Some reports suggest that in the future, TPAO will conduct drilling operations in contested waters around Cyprus. For the ultra-deepwater “Fatih” and “Yavuz” drillships with ratings of 3050m, the water depths in the Eastern Med present no problem, allowing them to drill on any of the demarcated Turkish or TRNC offshore blocks.
Turkey and TRNC signed a continental shelf delimitation agreement in September 2001. Turkey’s claim on the island’s EEZ partly overlaps with the RoC’s blocks 1, 4, 5, 6, and 7. Ankara also supports the TRNC’s claims over RoC’s Blocks 1, 2, 3, 8, 9, and 13, where the self-declared TRNC has demarcated Blocks F and G. Should TPAO start drilling in any of these areas, it could lead to a serious geopolitical – or even military – crisis.

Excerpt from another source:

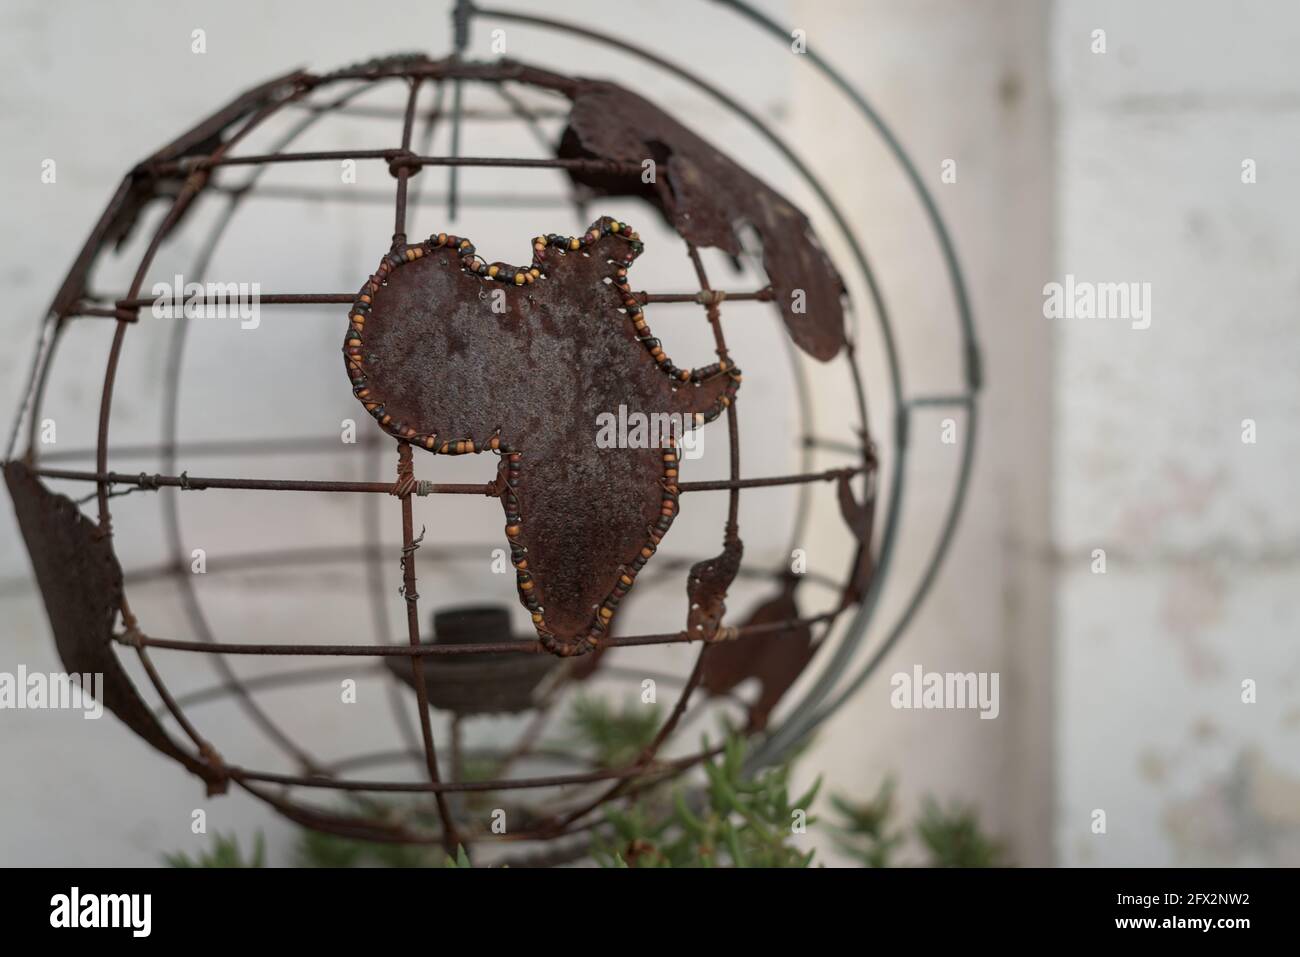 A wire workers globe and the beaded outline of the African continent Stock Photo

After the conclusion in 2017 of the delayed First Offshore Licensing Round, Lebanon is looking ahead to the drilling of the first exploration well. A joint venture between Total (40 percent), Eni (40 percent), and Novatek (20 percent), the only bidding group in the tender, signed E&P Agreements (EPA) for Blocks 4 and 9 in February 2018. Subsequently, Lebanese authorities approved exploration work plans submitted by the Total-led consortium, paving the way for operations; drilling is expected to begin in Q4 2019.
Total’s stated priority is to drill a first well on Block 4, with a second expected to follow on Block 9. With regards to Block 9, the company said that the consortium is fully aware of the Israeli-Lebanese border dispute in the southern part. However, given that the main prospects are located more than 25km from the disputed area, exploration drilling on the acreage will have no interference at all with any fields or prospects located close to the southern border.
Following a once again delayed approval by the Council of Ministers, Nada Boustani Khoury, Minister of Energy, officially launched Lebanon’s Second Offshore Licensing Round in early April 2019. The acreage on offer includes Blocks 1, 2, 5, 8, and 10, which are located in three distinct major geological zones. Block 1 falls within the Lattakia Ridge zone in the NW of the EEZ, Blocks 5 and 8 are located in the deep Levant Basin in the SW, and Blocks 2 and 10 cover parts of the Levant margin in the NE and SE. The blocks have been chosen to offer a number of different play types, as each zone is characterized by different structural and sedimentological features.
As in the first bid round, interested companies will be required to form a consortium composed of three partners or more, with at least one prequalified as operator. Companies will be able to choose their partners and prepare their bids, which have to be submitted by January 31, 2020. Once bids are submitted, the LPA will evaluate them and prepare a recommendation to the Minister of Energy and the cabinet. Negotiations with successful bidders and subsequent awards are currently planned for late March 2020 and early April 2020, respectively.
Figure 2. Lebanon’s exploration and bid blocks.*
Following several offshore gas discoveries in Israel between 2009 and 2013, current activity is focused on bringing the discovered resources onstream. Noble Energy’s Tamar Field (~10 Tcfg 2P) is the only producing offshore field, with Leviathan (~12.5 Tcfg 2P), also operated by Noble, currently under development. Leviathan’s first phase is more than 80 percent complete, on track to deliver first gas by the end of 2019.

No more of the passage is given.